When people picture the Portugal–Scandinavia corridor, they usually picture it running one way: Nordic capital flowing south into Iberian solar farms, data centres and green-hydrogen plants. The most under-told half of the story is the reverse — and there is no cleaner example than this. Sonae, the Maia-based Portuguese retail group, controls Musti Group, the largest specialty pet-care retailer in the Nordics. And in its most recent quarter, that bet kept compounding: Musti reported net sales up 15.6% year-on-year to €138.5 million for the quarter ended 31 March 2026, with Norway surging 25.5%.

How a Portuguese retailer ended up owning the Nordics’ pet leader

Sonae did not build Musti from scratch — it bought it, and took it private. In a deal first announced in late 2023, a consortium led by Sonae alongside executives Jeffrey David, Johan Dettel and David Rönnberg launched a recommended public tender offer for all shares in Musti through the bid vehicle Flybird Holding Oy, valuing the company at roughly €868 million in equity at €26 per share. The acquisition completed in 2024, cleared by the European Commission, and Musti was subsequently delisted from Nasdaq Helsinki. It remains one of the most significant outbound acquisitions a Portuguese company has ever made in the Nordic region.

A genuine Nordic market leader

Musti is not a minor holding. It is the category leader across Finland, Sweden and Norway, running an omnichannel model that pairs a large store estate with e-commerce and subscription auto-replenishment. As of 31 December 2025 the group operated 497 stores — including 138 in Sweden and 91 in Norway, with the balance in its home market of Finland. The company has built a loyal, high-frequency customer base in a category that proves resilient through economic cycles: pet owners keep buying food and vet services when they cut back elsewhere.

Norway is the growth engine

The standout in the latest numbers is Norway, where net sales rose 25.5% year-on-year to roughly €24 million, with like-for-like growth of 12.6% on top of new-store ramp-up. During the quarter Musti acquired Petco Retail, which operates three locations in Norway, and opened two further directly operated stores. It is also pushing into the Norwegian veterinary market, extending from retail into higher-margin services. Group-wide, the active customer base grew 2.8% — a reversal from the slight decline a year earlier.

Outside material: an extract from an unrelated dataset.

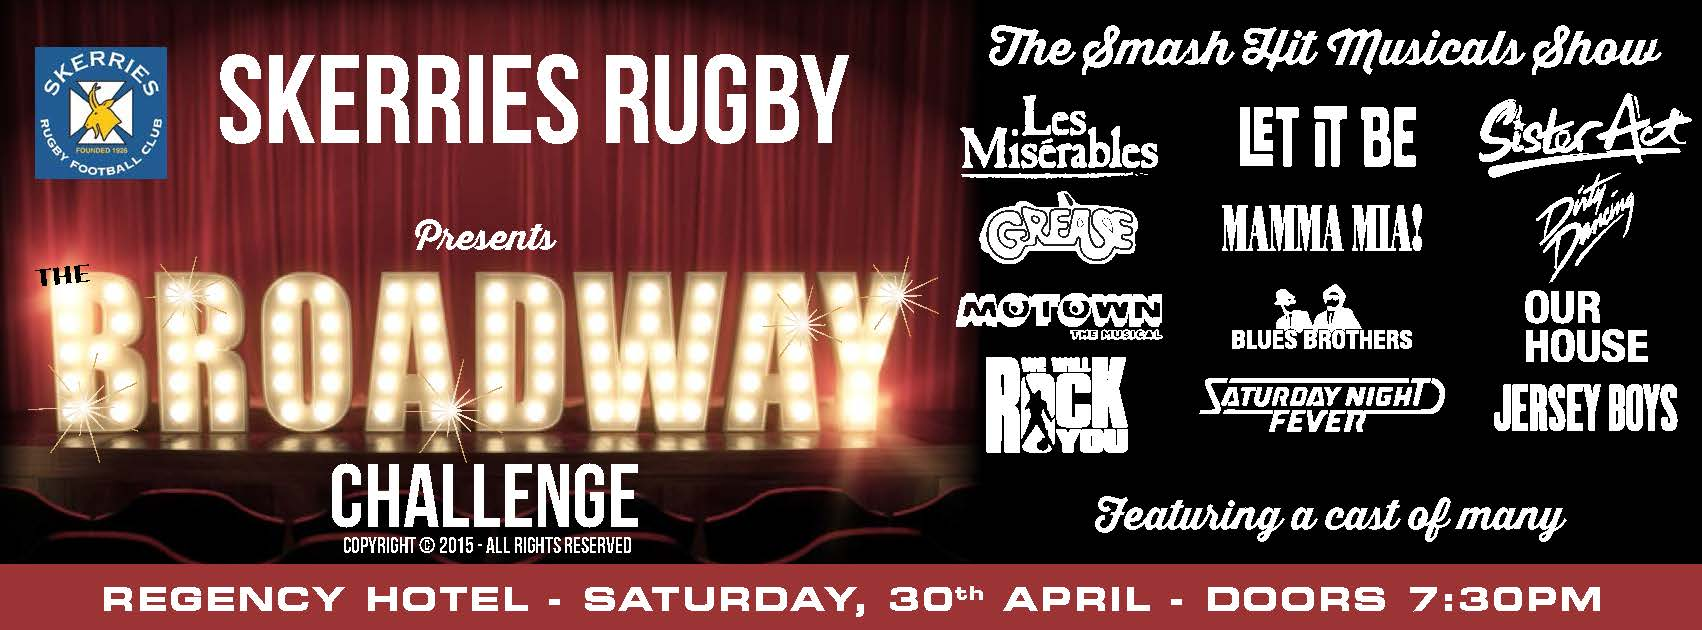 Broadway Challenge Skerries Rugby  Facebook Banner (1)

Sweden is the scale opportunity

If Norway is the growth story, Sweden is the scale story. With 138 stores, it is Musti’s largest market by footprint, and management’s stated priority there is to lift penetration of own and exclusive brands toward the levels long established in Finland — the lever that does the most for margin. Converging the Swedish operation onto the group’s most profitable playbook is where a chunk of the value-creation case for the take-private ultimately sits.

The honest caveat: still investing for growth

This is not a finished turnaround. Musti posted a net loss of €3.8 million in the quarter, slightly wider than the €3.5 million loss a year earlier — the cost of acquisitions, store openings and integration. The advantage of private ownership under Sonae is patience: free of the quarterly scrutiny of a public listing, the group can fund expansion and absorb near-term losses while it chases a Nordic pet market growing at an estimated 6% a year through 2028.

Why it matters for the corridor

This is Direction B in its purest form: not a Portuguese firm exporting a container of product to Stockholm, but a Portuguese group owning and operating a Nordic market leader — setting strategy, allocating capital and running hundreds of stores across three countries from a parent in northern Portugal. It is proof that the corridor is not a one-way street of Nordic money heading to Lisbon. For Portuguese corporates weighing the Nordics, Musti is the reference case: the region is not only a place to sell into, but a place to build a durable operating platform. The signals to watch from here are the margin inflection in Sweden, the pace of bolt-on deals like Petco, and whether the Norwegian vet push becomes a template for the rest of the group.